Some weeks ago blooger.com switched to a new interface. To my horror I just discovered that it does not show paragraph breaks in posts, and there does not seem to be any way to fix this. I have just switched back to the old one and will try to fix the problem in any other posts. Sorry.

2 comments:

Publion said...

As so often, it’s not the Intention but rather the Method – it’s there that the Devil sets up his CP.

The Radical Republicans – like the Abolitionists before the War – had an excellent intention. But they presumed that that was all they needed. Since their Cause was so Good, then any concerns for workable implementation and prudence was simply obstructionist quibbling and treating the Constitution’s “pact with Hell” with kid-gloves.

They took no thought for consequences. To use two images (anachronistic, I admit): they figured that since it was an emergency, the ambulance should (and could) be driven through the streets at 125mph; they figured that the hefty 747 of the national polity could be maneuvered like a fighter on afterburners for as long as it took.

Against them Lincoln, who had always been as opposed to slavery as anybody – and with a far deeper grounding in the Framers (who had been forced to the Southerner’s ‘offer they couldn’t refuse’ in 1787: either an America with slavery or no America at all) – realized that the Good could not be ‘totally effected immediately’ without engorging the government far beyond its Constitutional bounds and the parameters of the Framing Vision itself.

If Lincoln wanted to be an Emancipator, he first had to be Savior of the Union or else – if America fell, or was ripped, apart – there would be no government that could emancipate the slaves.

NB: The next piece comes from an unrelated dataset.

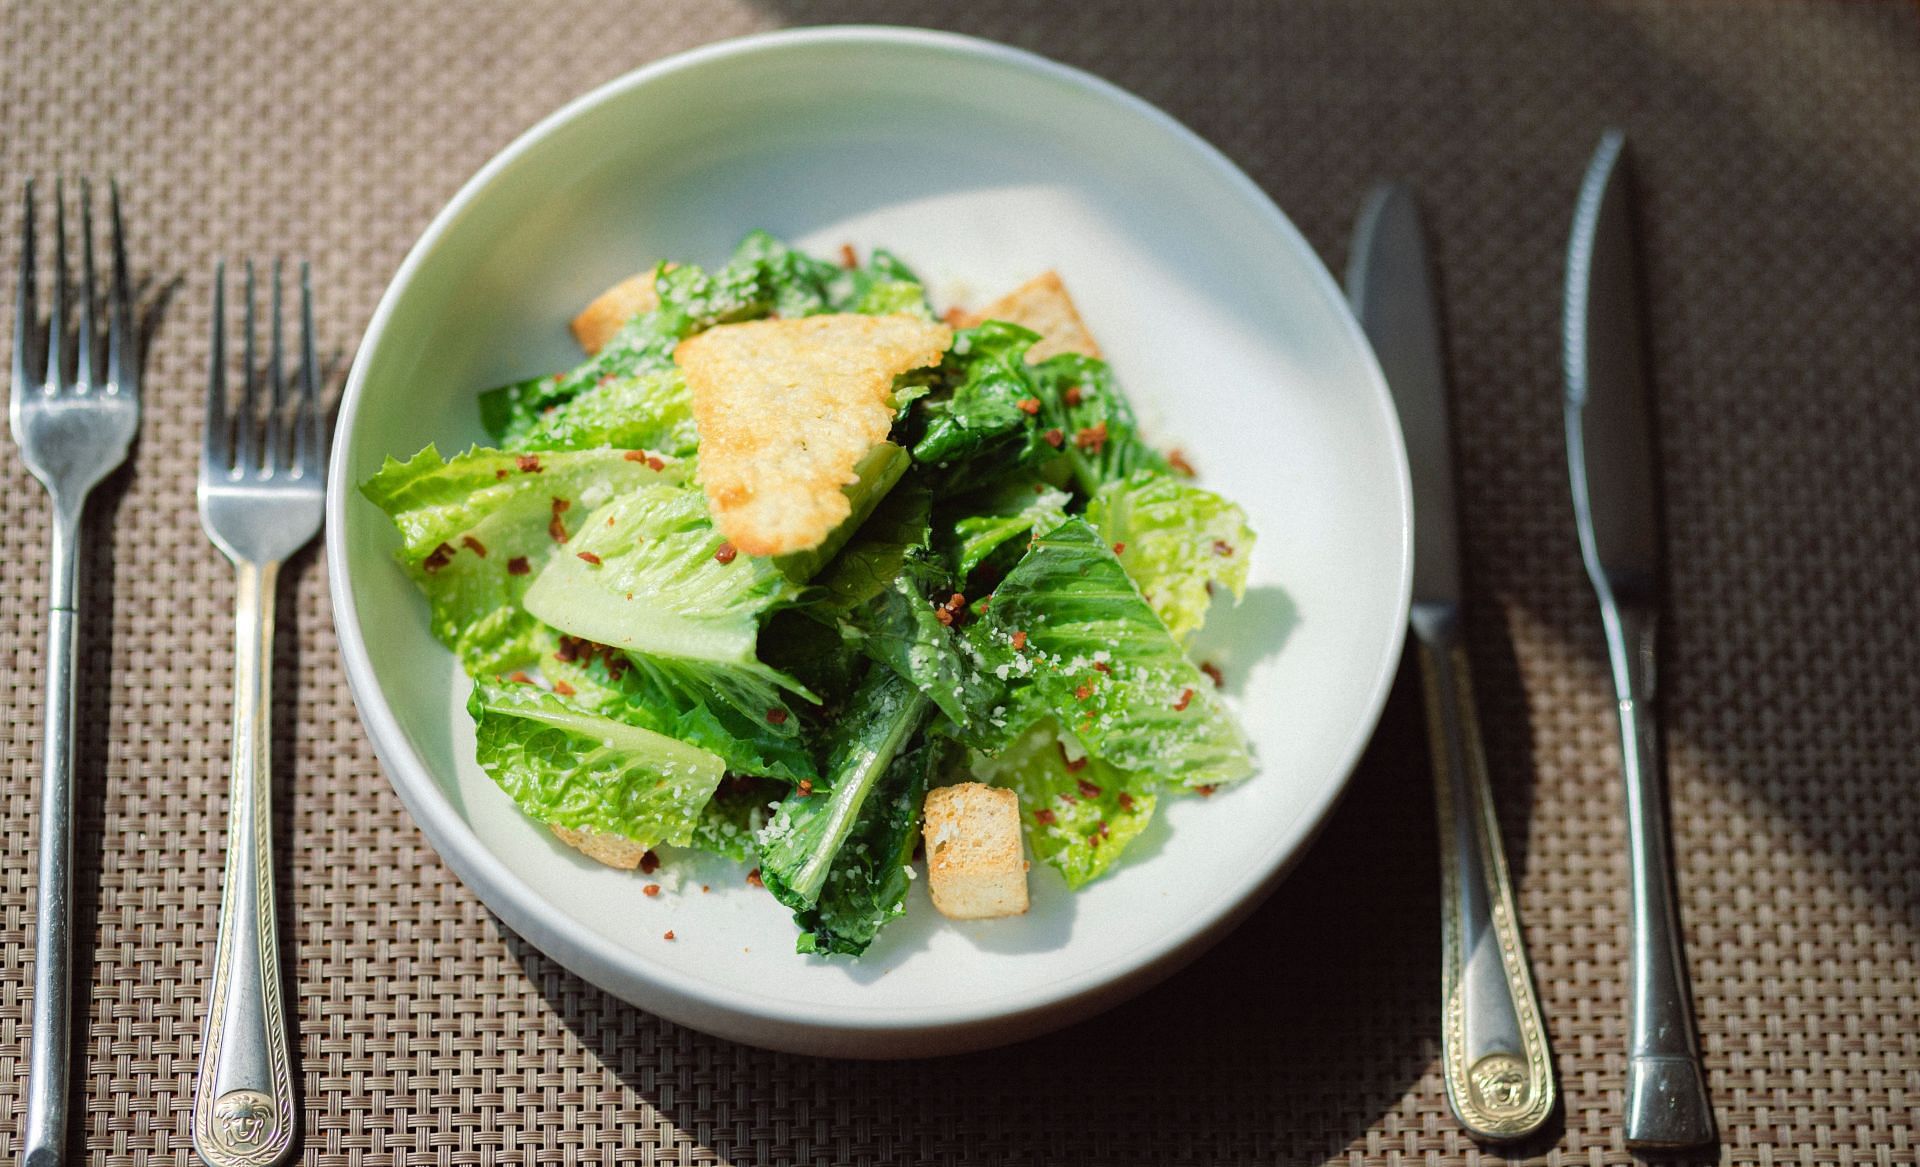 A liver cleanse diet typically consists of leafy greens and healthy fruits, (Image via Unsplash/Hanxiao)
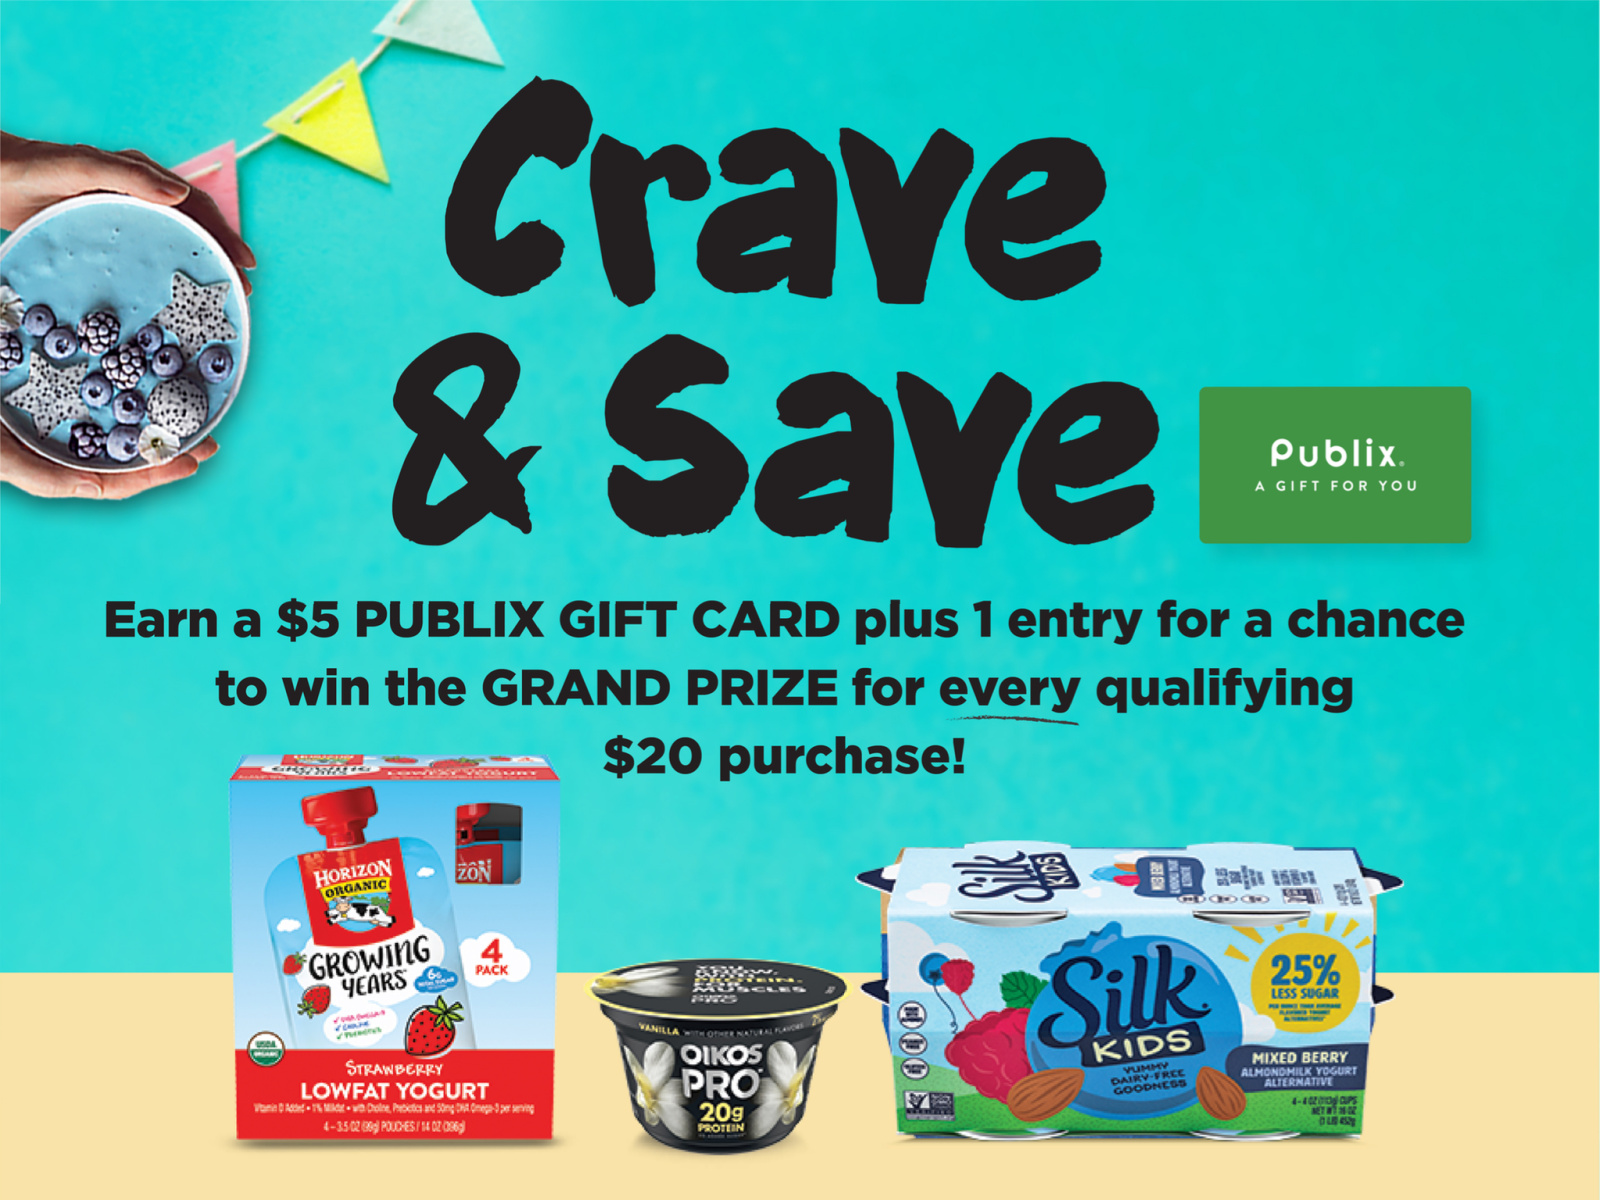 Great Week To Earn Gift Cards With The Crave & Save Program on I Heart Publix

Lincoln’s sense of things was kicked to the curb after 1965, and indeed that great mistake was then amplified kaleidoscopically.

Bozon said...

Professor

I have to say that I think one needs to go back and look at the economic and political issues, way before the 80s, or even the 30s,

to catch the gist of structural and political and economic problems,

already full blown,

that only unwind further with the ideological debates of left or right, driven largely out of Europe, through the early and mid 20th Century.